| Available records |

------------------------------------

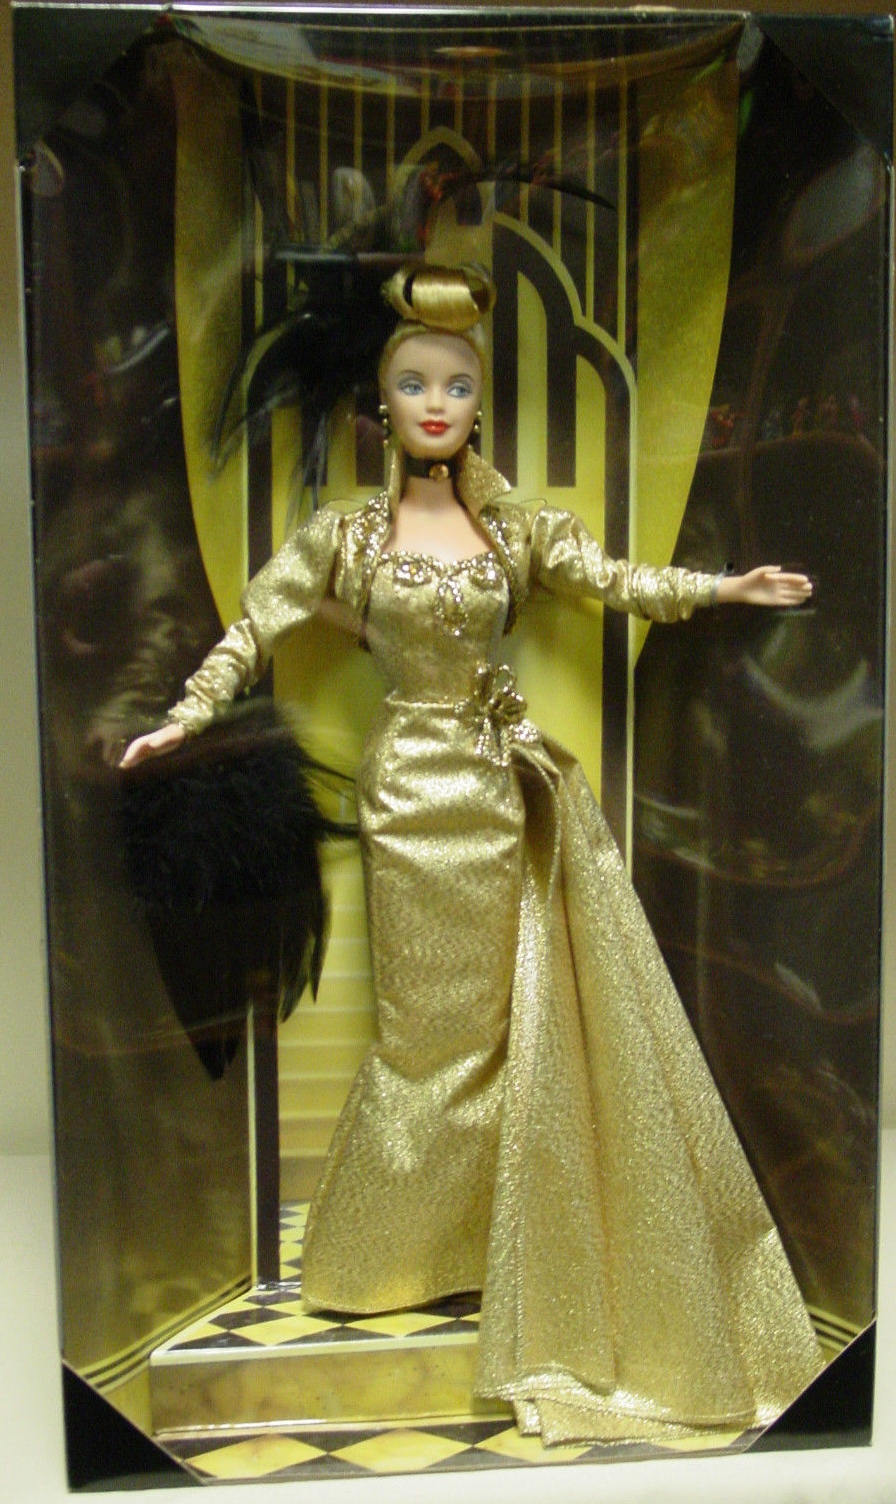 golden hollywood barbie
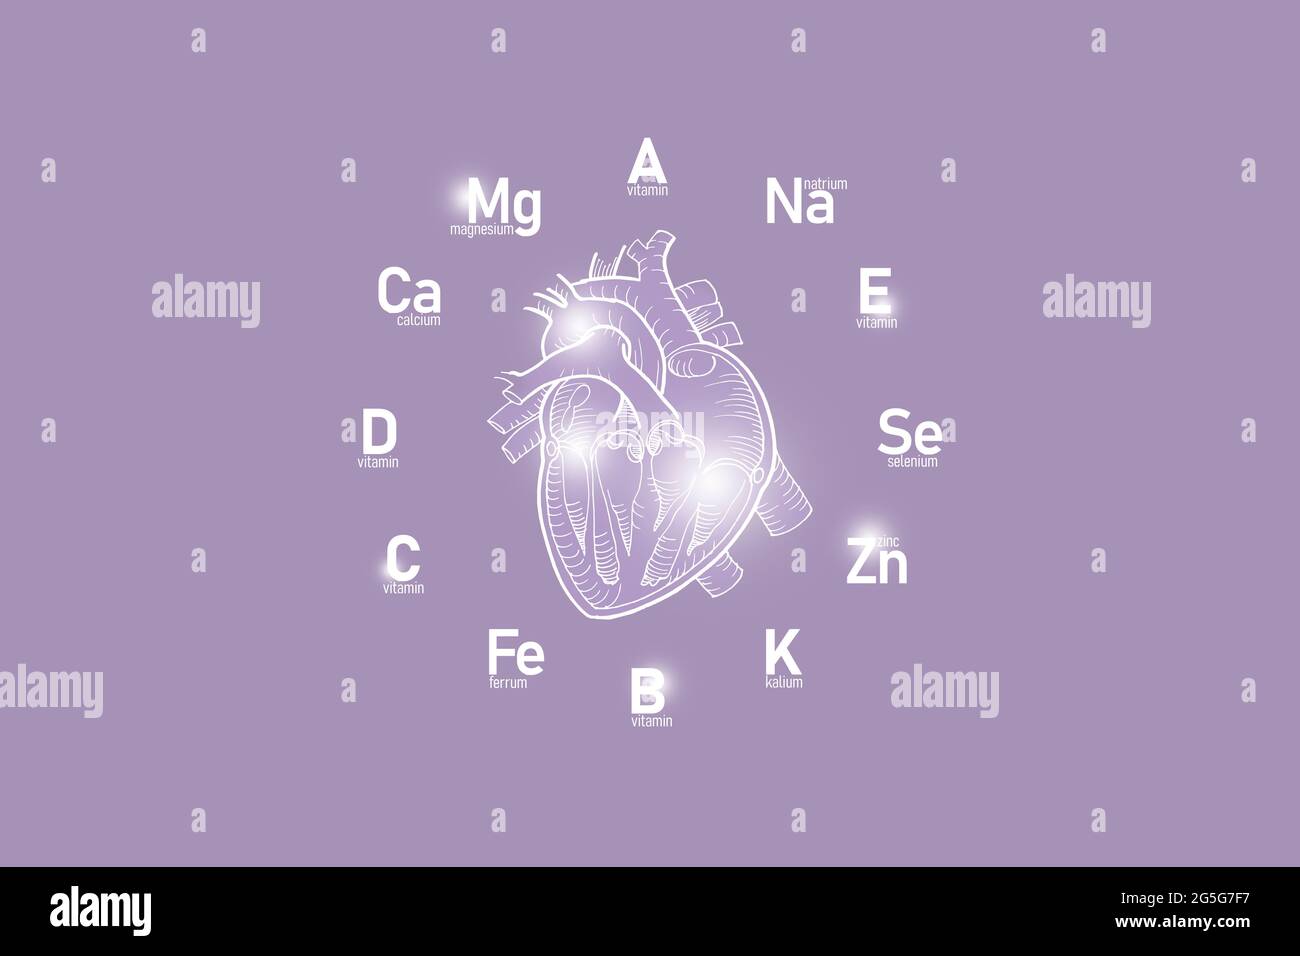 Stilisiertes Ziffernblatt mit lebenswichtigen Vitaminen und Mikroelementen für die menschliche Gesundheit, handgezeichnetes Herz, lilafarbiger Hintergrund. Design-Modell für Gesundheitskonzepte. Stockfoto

------------------------------------

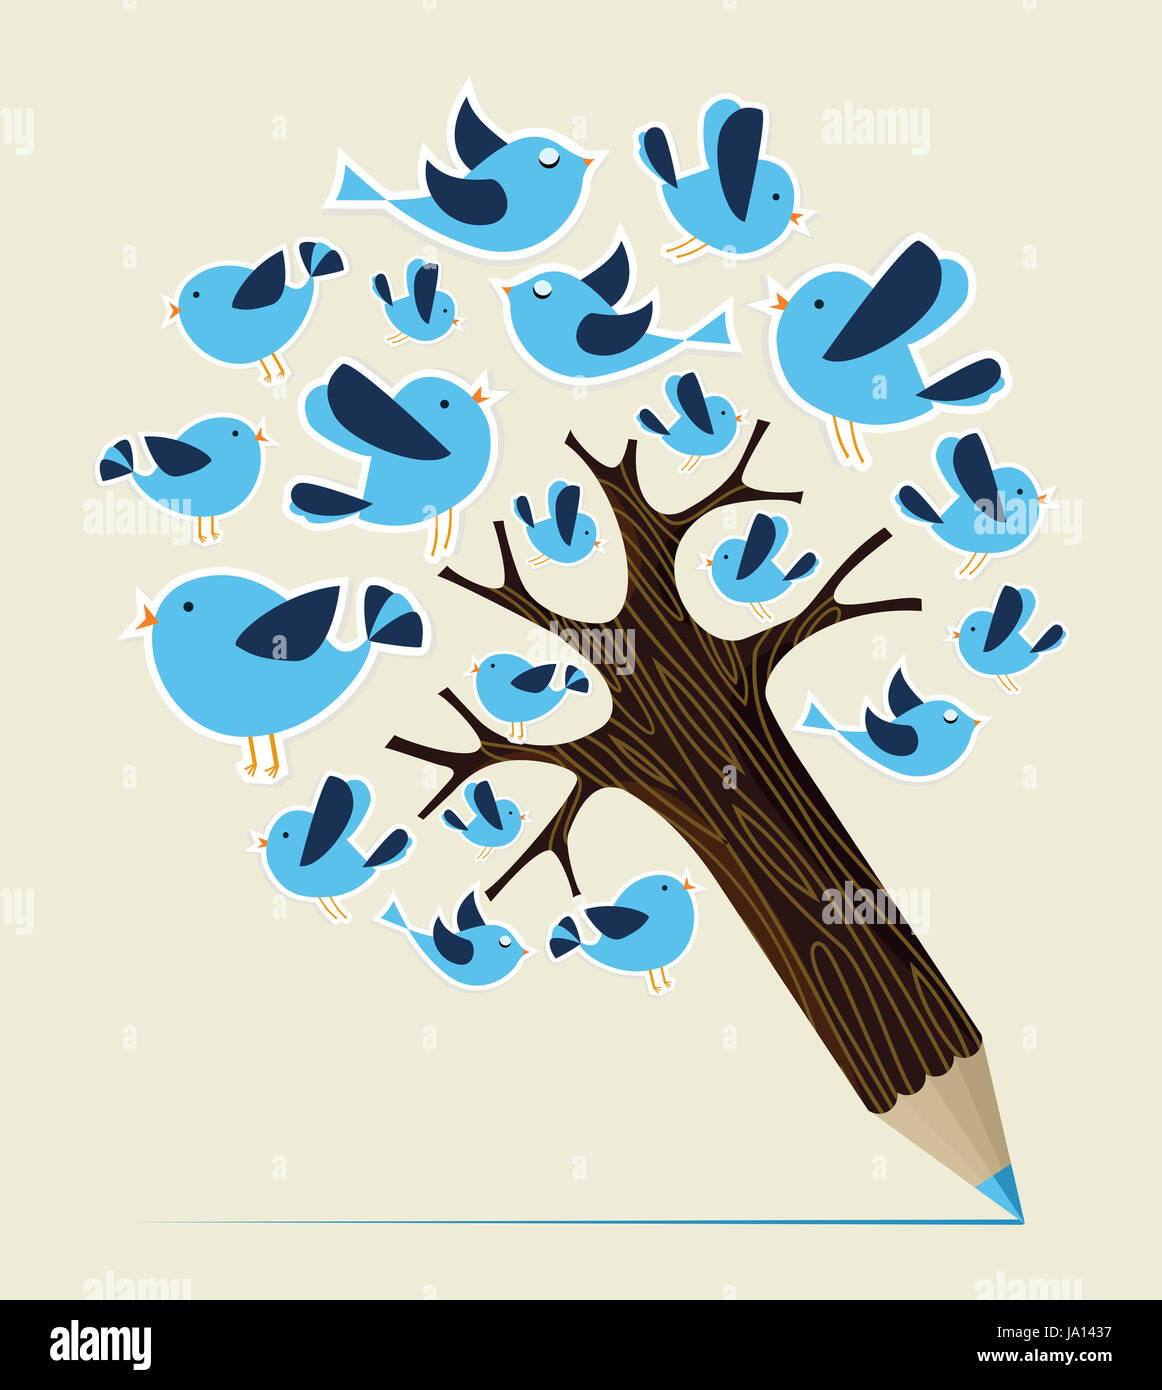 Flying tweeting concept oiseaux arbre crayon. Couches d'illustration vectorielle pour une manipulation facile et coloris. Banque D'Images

------------------------------------

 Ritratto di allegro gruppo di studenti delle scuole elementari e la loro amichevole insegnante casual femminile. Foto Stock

------------------------------------

| Prompt |
Copy out the lines above from the line containing "golden hollywood barbie" through the line containing "Stilisiertes Ziffernblatt mit", exactly, and keep the pictures out.

| Solution to this exercise |
 golden hollywood barbie
 Stilisiertes Ziffernblatt mit lebenswichtigen Vitaminen und Mikroelementen für die menschliche Gesundheit, handgezeichnetes Herz, lilafarbiger Hintergrund. Design-Modell für Gesundheitskonzepte. Stockfoto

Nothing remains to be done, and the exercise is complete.